---------- PROVIDED DATA ----------
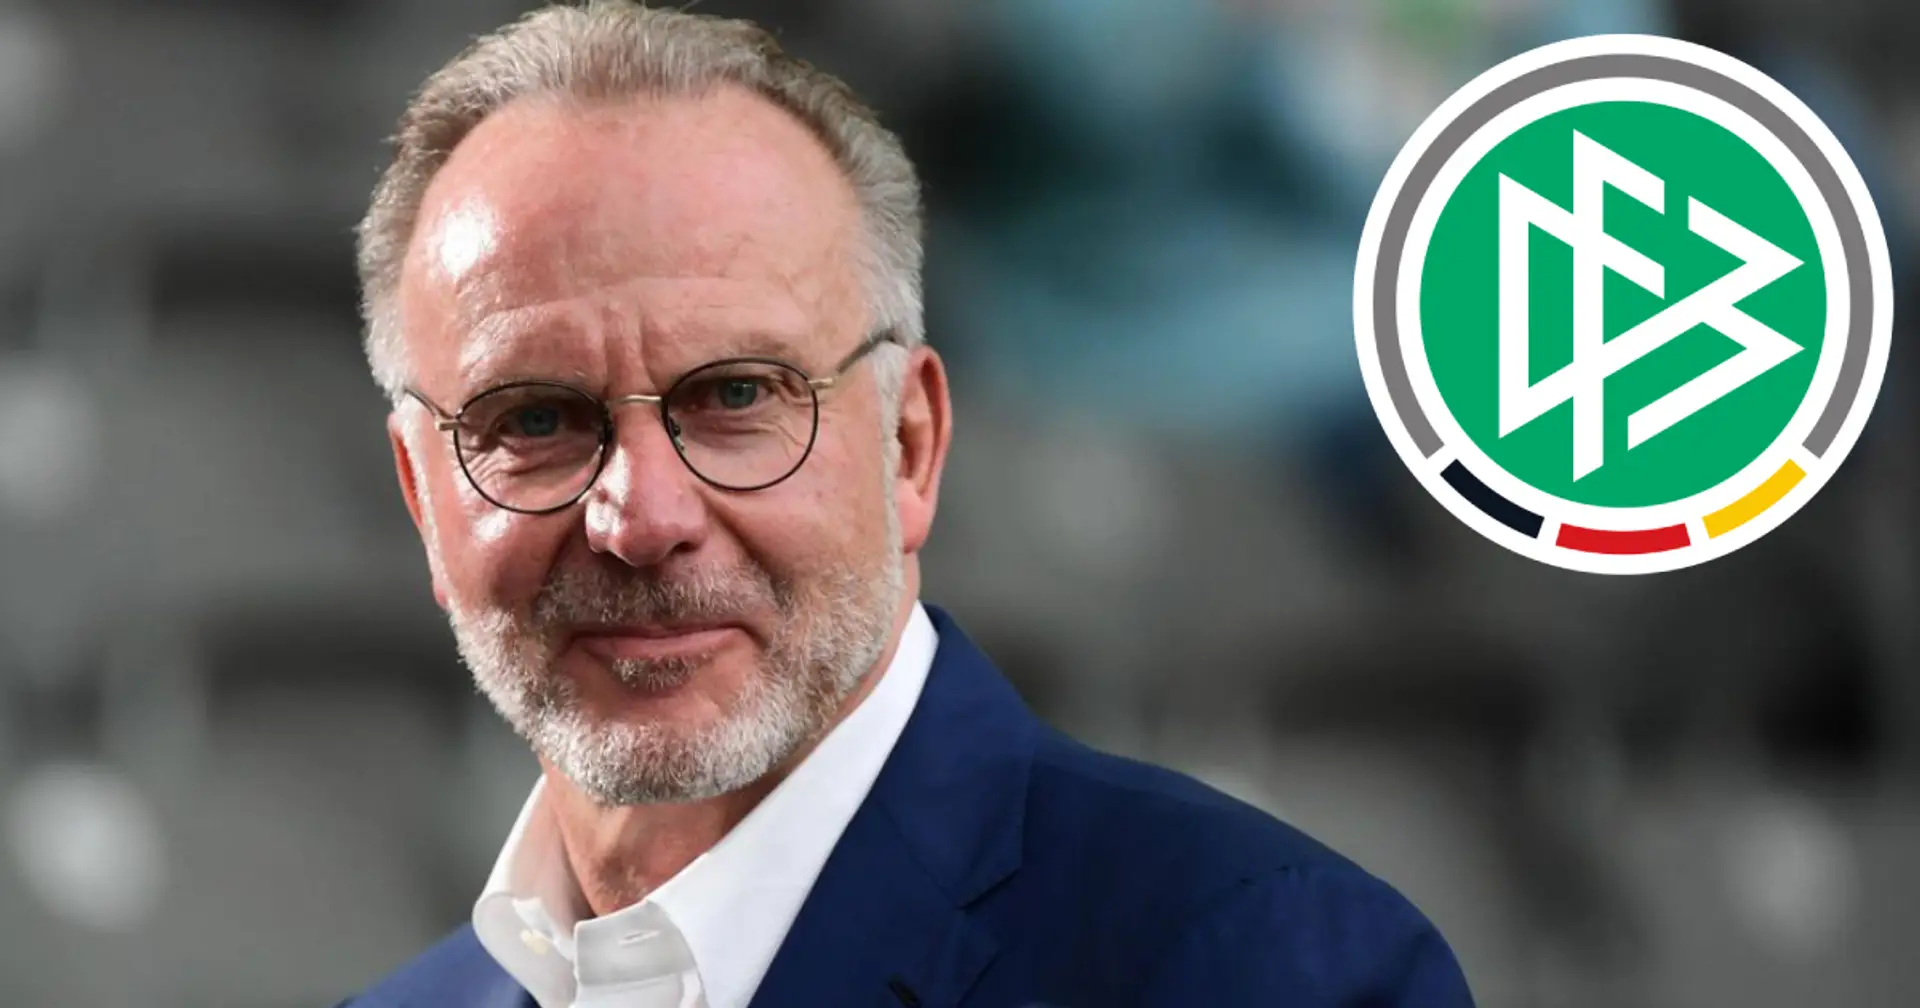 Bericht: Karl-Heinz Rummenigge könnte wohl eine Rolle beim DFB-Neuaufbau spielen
----------
---------- PROVIDED DATA ----------
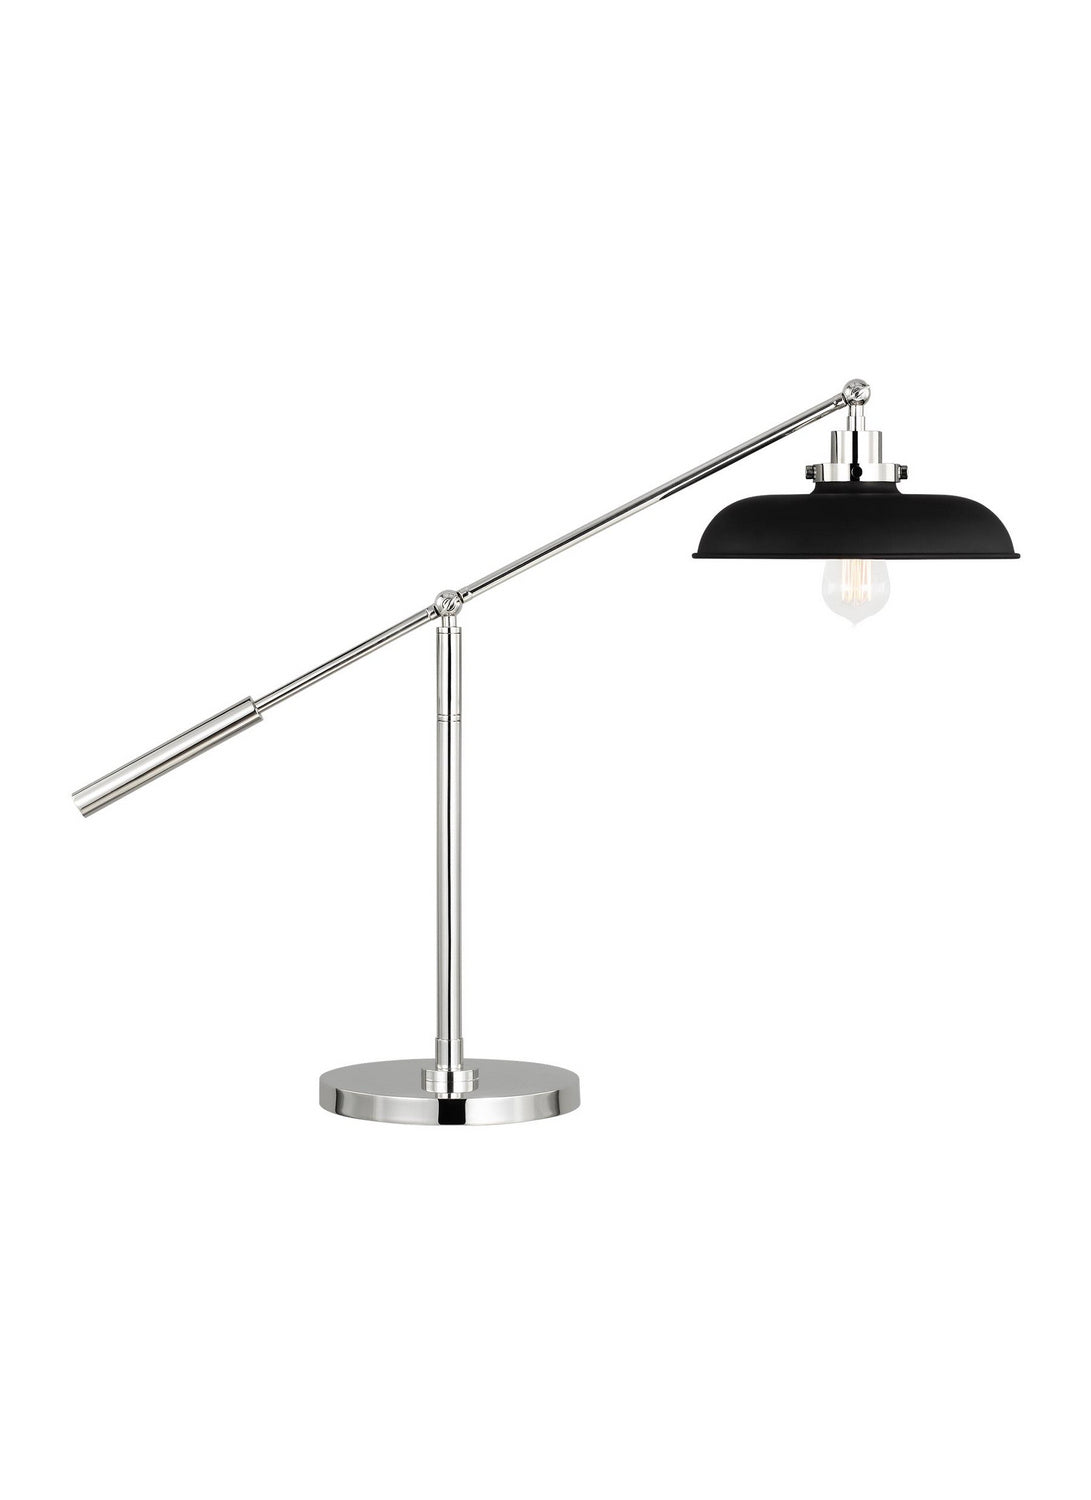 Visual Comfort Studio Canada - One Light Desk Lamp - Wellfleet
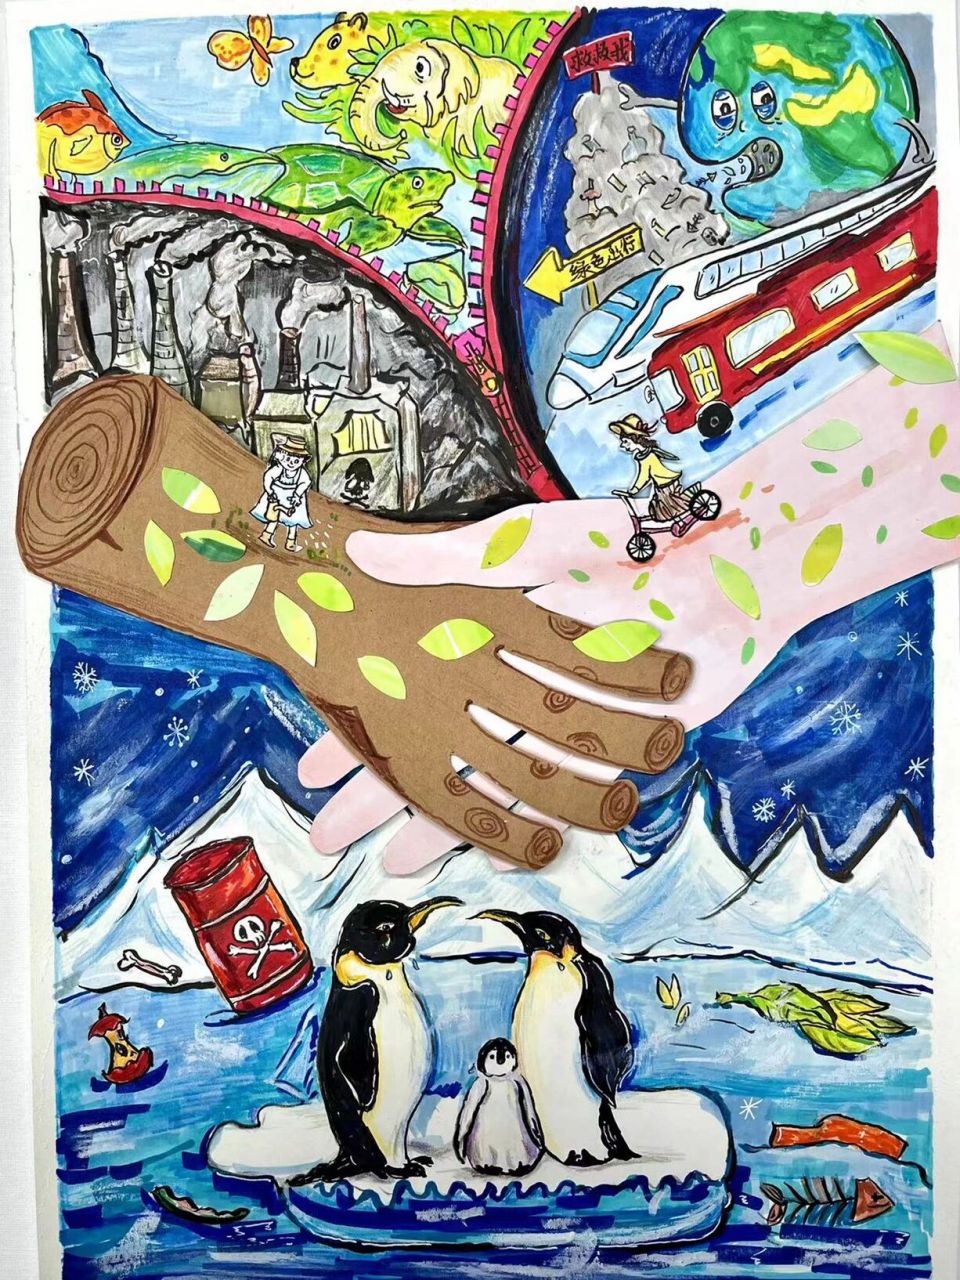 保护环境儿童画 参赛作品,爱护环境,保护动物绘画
----------
■ INSTRUCTIONS TO FOLLOW ■
Copy the listing above exactly, but only from the line with "Visual Comfort Studio" through the line with "保护环境儿童画 参赛作品,爱护环境,保护动物绘画", including those two lines and excluding any picture.

■ SOLUTION TO THIS EXERCISE ■
 Visual Comfort Studio Canada - One Light Desk Lamp - Wellfleet
 保护环境儿童画 参赛作品,爱护环境,保护动物绘画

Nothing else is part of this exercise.